These activities constitute completion of 5 of the required 15 samples and 7 of the optional samples as defined in Inspection Procedure 71121.02-05.
b. Findings
No findings of significance were identified.
OTHER ACTIVITIES
4OA1 Performance Indicator Verification
.1 Data Submission Issue
a. Inspection Scope
The inspectors performed a review of the data submitted by the licensee for the first quarter 2009 performance indicators for any obvious inconsistencies prior to its public release in accordance with Inspection Manual Chapter 0608, "Performance Indicator Program."
This review was performed as part of the inspectors normal plant status activities and, as such, did not constitute a separate inspection sample.
b. Findings
No findings of significance were identified.
.2 Safety System Functional Failures (MS05)
a.
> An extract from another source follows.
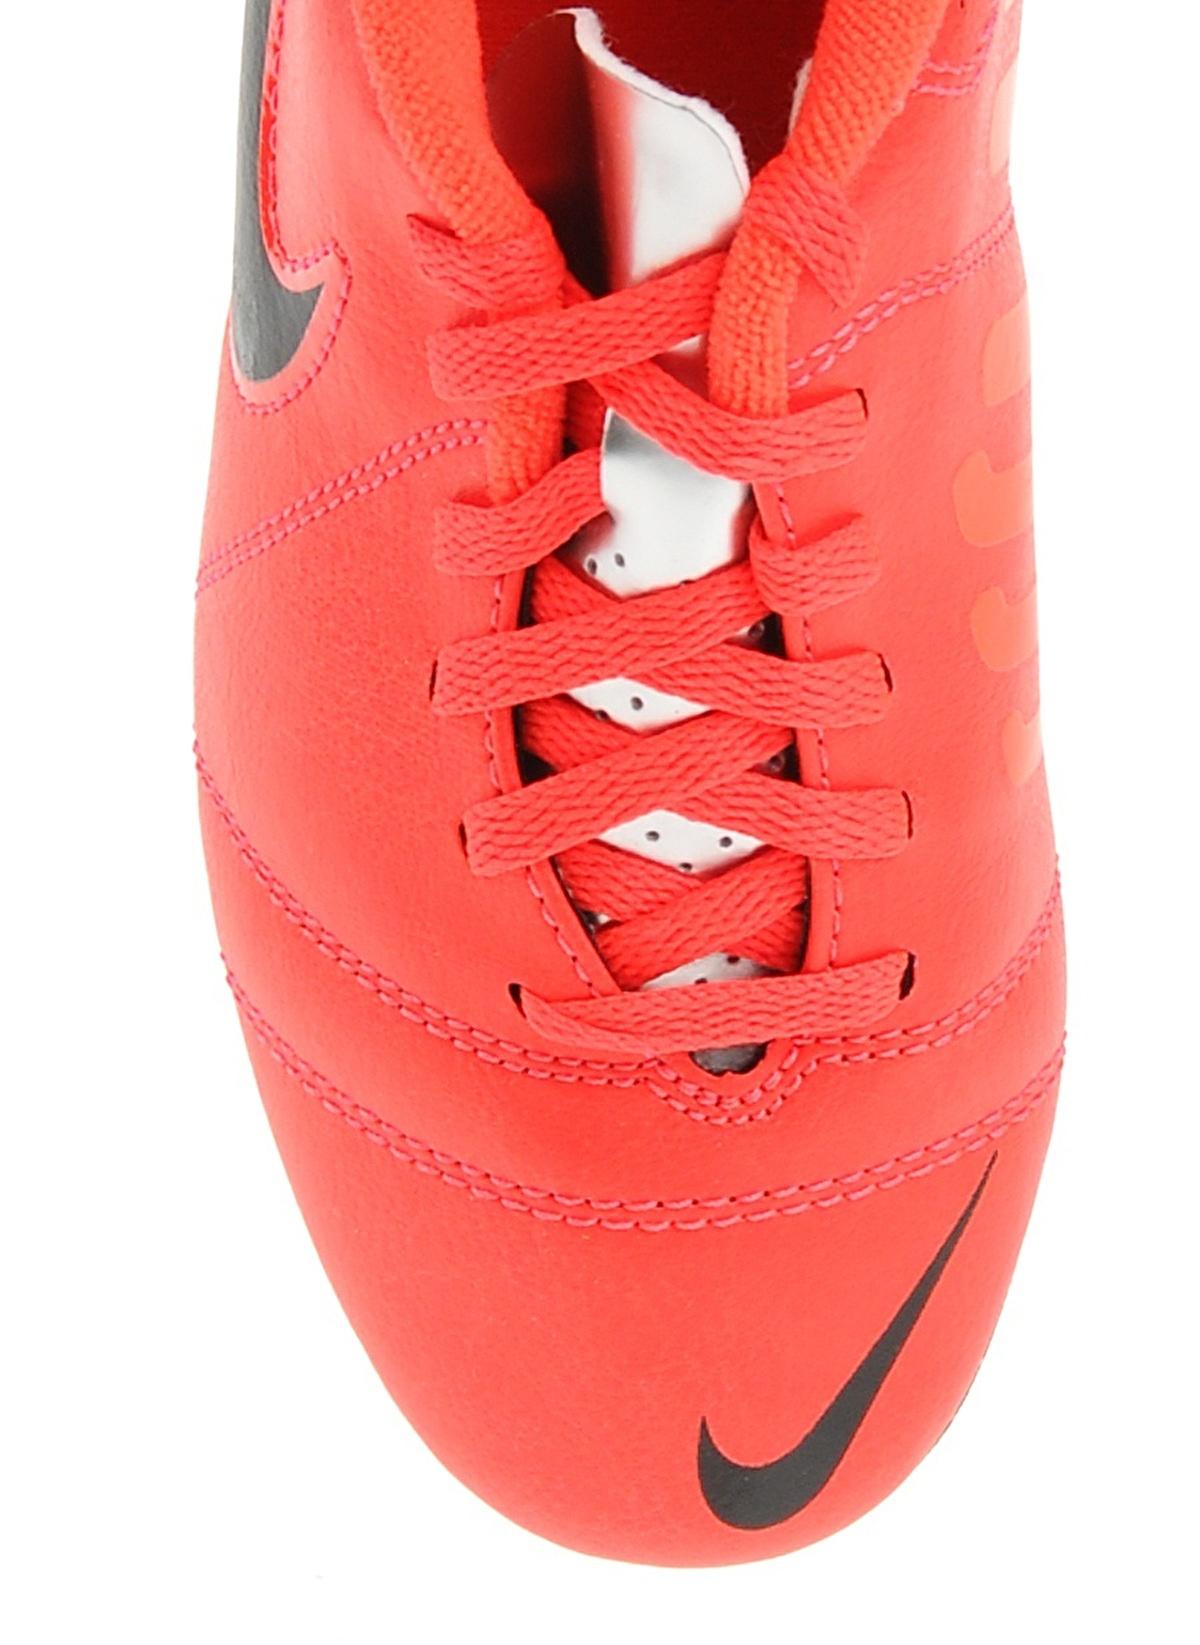 Nike Erkek Çocuk Jr Ctr360 Enganch Bright Crimson-Blck-Mtllc Slvr ... 5dc3acd48e71d

Inspection Scope
The inspectors sampled licensee submittals for the Safety System Functional Failures performance for the period from the first quarter 2008 through the first quarter 2009. To determine the accuracy of the performance indicator data reported during those periods, performance indicator definitions and guidance contained in NEI Document 99-02, "Regulatory Assessment Performance Indicator Guideline," Revision 5, and NUREG-1022, "Event Reporting Guidelines 10 CFR 50.72 and 50.73," definitions and guidance were used. The inspectors reviewed the licensees operator narrative logs, operability assessments, maintenance rule records, maintenance work orders, issue reports, event reports and NRC integrated inspection reports for the time period to validate the accuracy of the submittals. The inspectors also reviewed the licensees issue report database to determine if any problems had been identified with the performance indicator data collected or transmitted for this indicator. Specific documents reviewed are described in the attachment to this report.
These activities constitute completion of one safety system functional failures sample as defined in Inspection Procedure 71151-05.
b. Findings
No findings of significance were identified.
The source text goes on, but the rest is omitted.